第4話 星巡りの……『魔女』???

 鬱蒼うっそうとした森の中を、私はゆっくりを進んでいく。

 いつでも弓を引き絞れるように、いつでも魔女の眉間を打ち抜けるように、警戒と殺意を保ったまま。


 地面に浮き出た木の根が絡み、足場はかなり悪い。が、私にとっては好都合だ。


 実を言うと、私はタイルの地面が嫌いなのだ。綺麗な靴で歩くなら、タイルの方が良いだろうが、日差しの照り返しが強く、ものすごく暑い。ドレスで街を歩け、なんて、言われたら、服の中に氷を仕込んで染み出ない方法を模索する。

 そういえば、馬好きな騎士団の兵士たちも、こういう道は好まなかった。馬で入っていけないんだから。
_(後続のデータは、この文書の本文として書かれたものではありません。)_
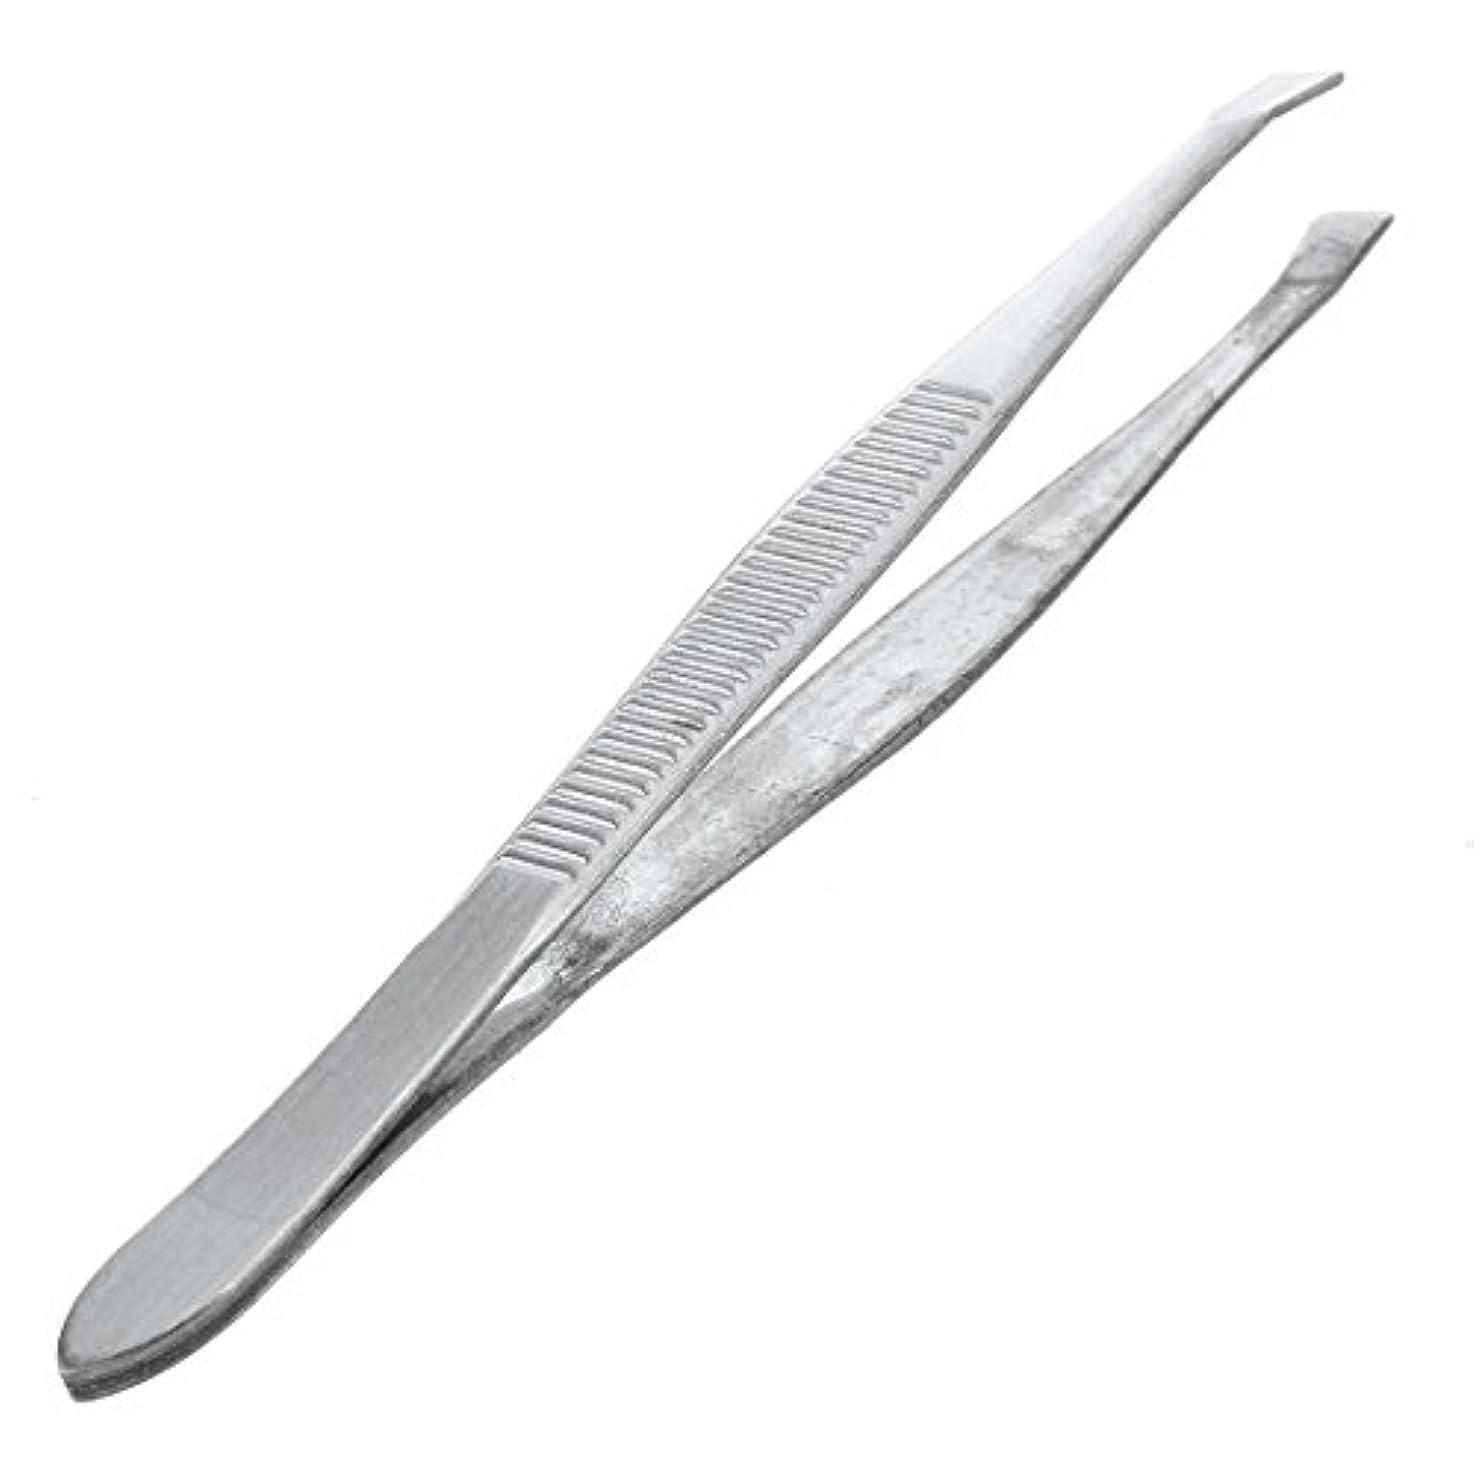 うぬぼれ掃除成長するGaoominy 眉毛ピンセット 脱毛チップ 炭素鋼 傾斜 9cm シルバーカラー

「ったく、馬なんぞに頼るよりも、体を鍛えた方が遥かに楽だろうに。腰抜け脳無しが多すぎる」


 騎士団の文句を言いながら、私は森の中を進んでいく。

 ……だいぶ歩いただろうか。太陽の位置で時間を確認したいが、木が空を覆っていて何も分からない。

 いっそ木に登ってみようか。それともこのまま進もうか。



「おい、オルスロットの娘」



 私が悩んでいると、奥の茂みから声が聞こえた。

 私は迷わず弓を引くと、ククク、と笑う声が聞こえた。


「そんなひ弱な腕で、この俺様を殺す気か?」


 覚えている。パーティー会場に現れた男の声だ。きっと『魔女の弟』だ。なら、猫を被った方がいいかもしれない。



「あら、すみません。狩りをしていたものですから、少し気が高ぶっていたようですわ」



 貼り付けた笑顔と、おしとやかな声。全ては皇太子妃になるため。それだけに培った、無駄な努力の賜物たまもの。それでも今は相手の油断を誘う道具になる。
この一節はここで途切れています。